_What the task requires_
Give the listing again word for word. Leave every image out.

_Collected material_
::::

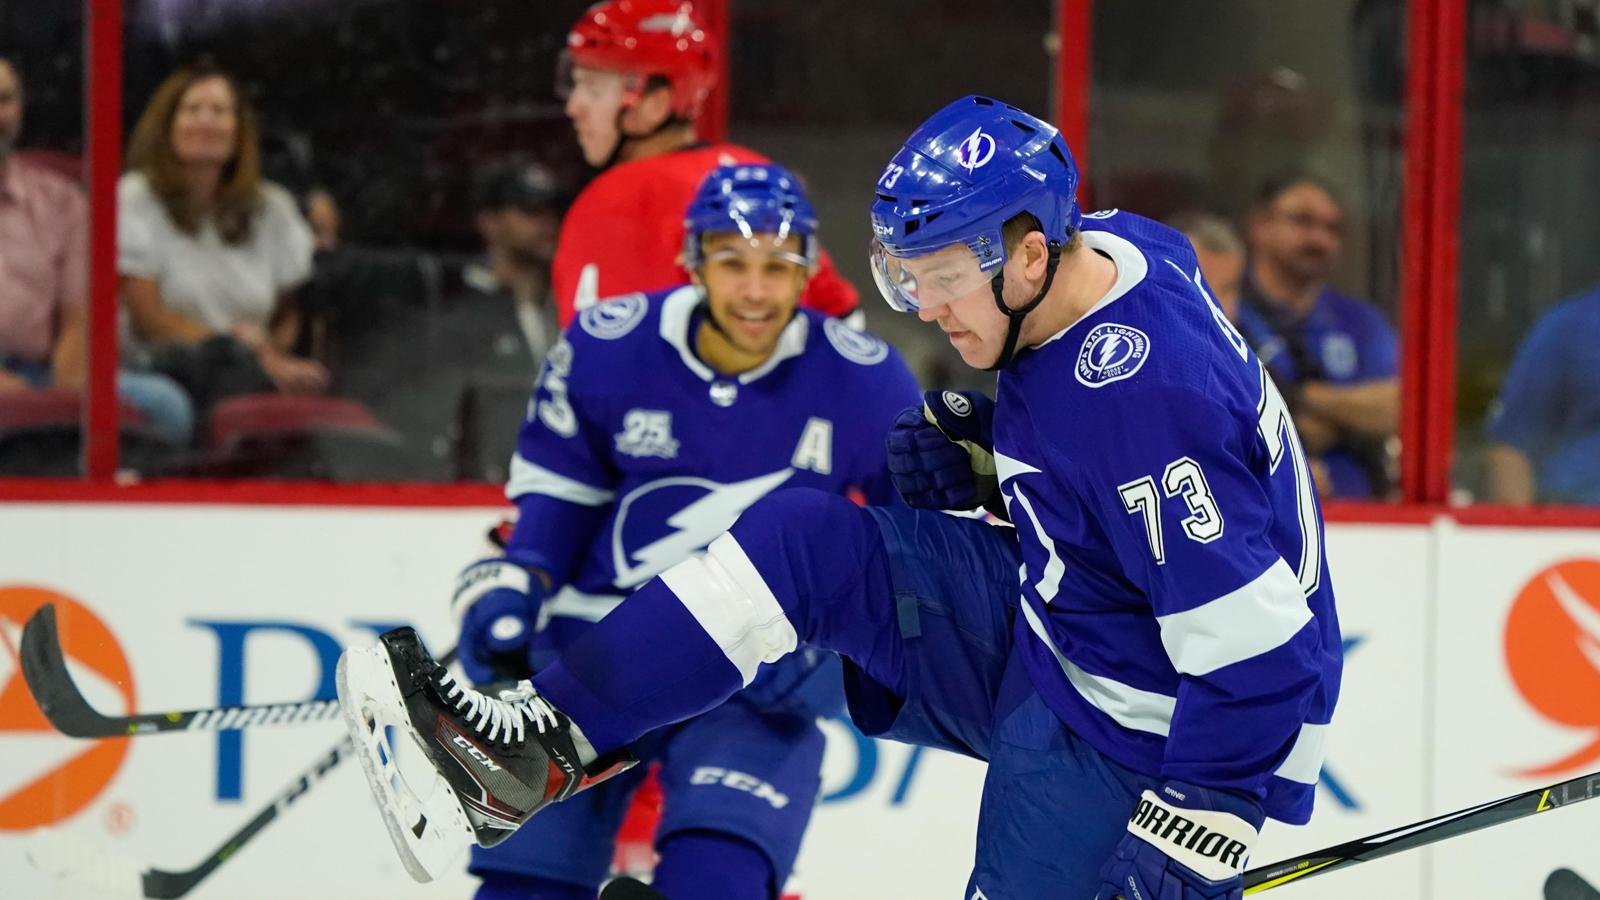 Adam Erne, Mikhail Sergachev lead Lightning past Hurricanes in preseason
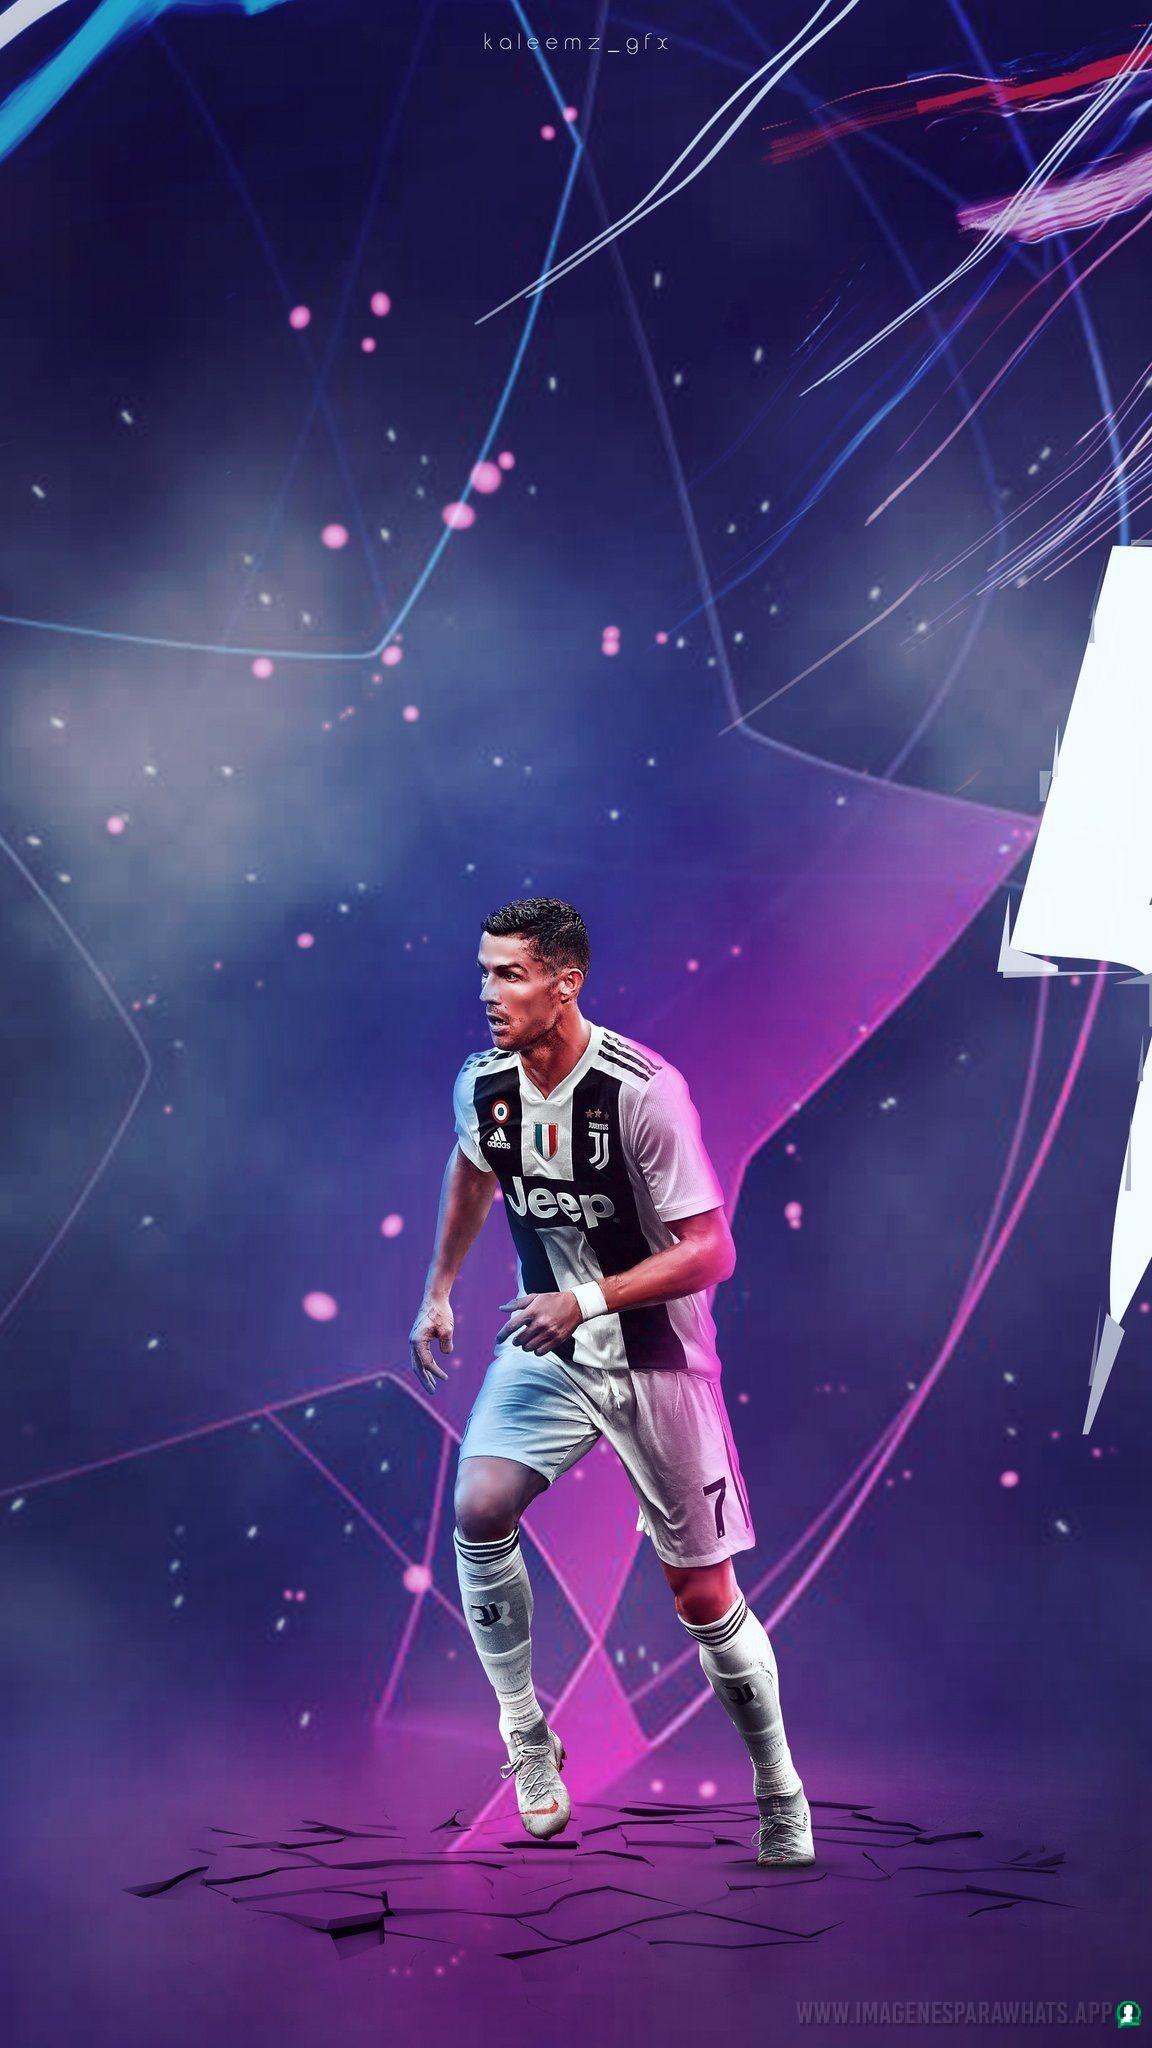 Imagenes de Futbol (1201)
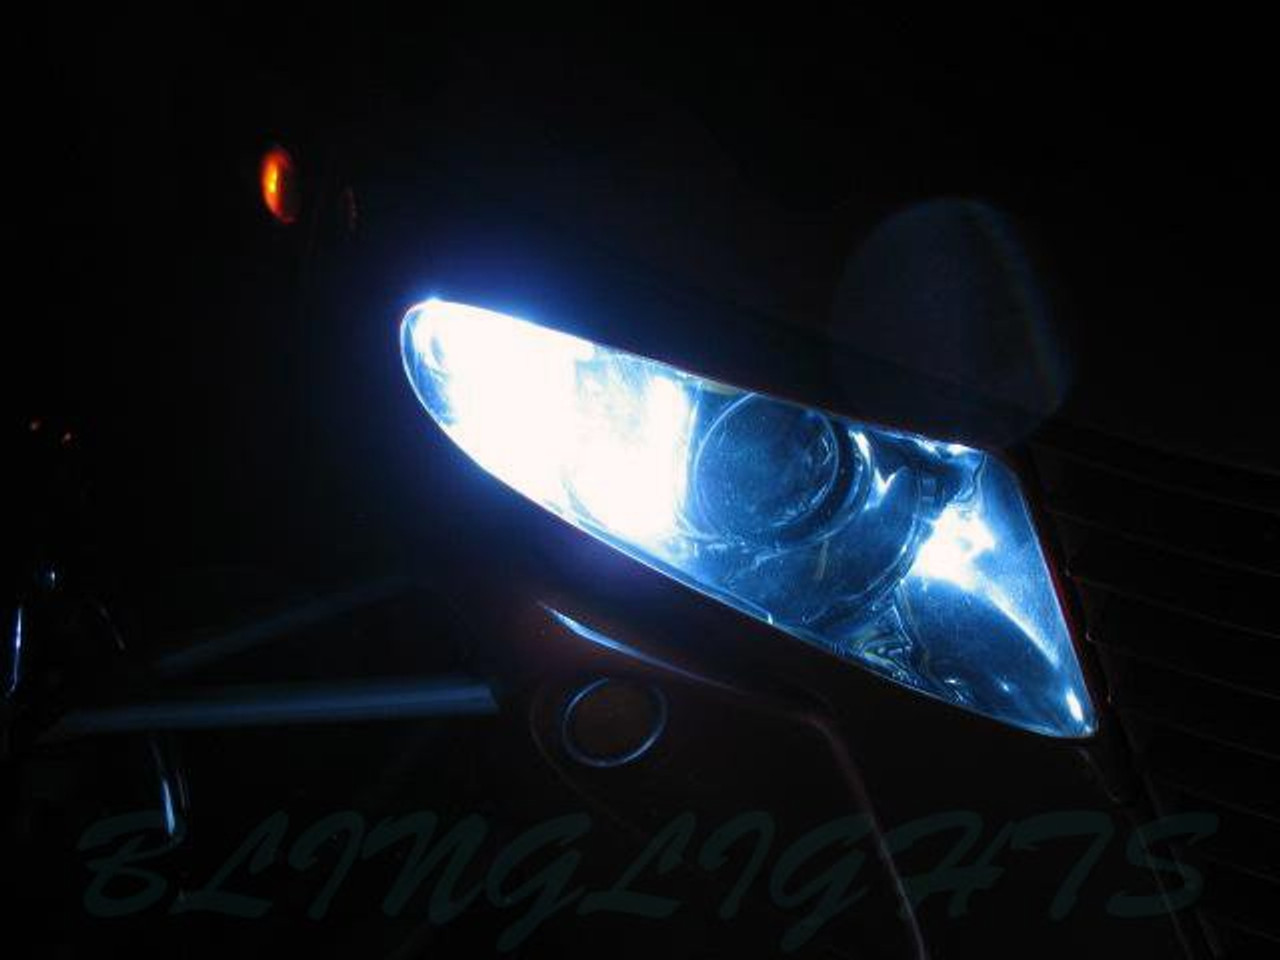 1997-2002 chrysler plymouth prowler xenon 55watt hid conversion kit for  headlamps headlights upgrade - blinglights com

::::

_Your response_
 Adam Erne, Mikhail Sergachev lead Lightning past Hurricanes in preseason
 Imagenes de Futbol (1201)
 1997-2002 chrysler plymouth prowler xenon 55watt hid conversion kit for  headlamps headlights upgrade - blinglights com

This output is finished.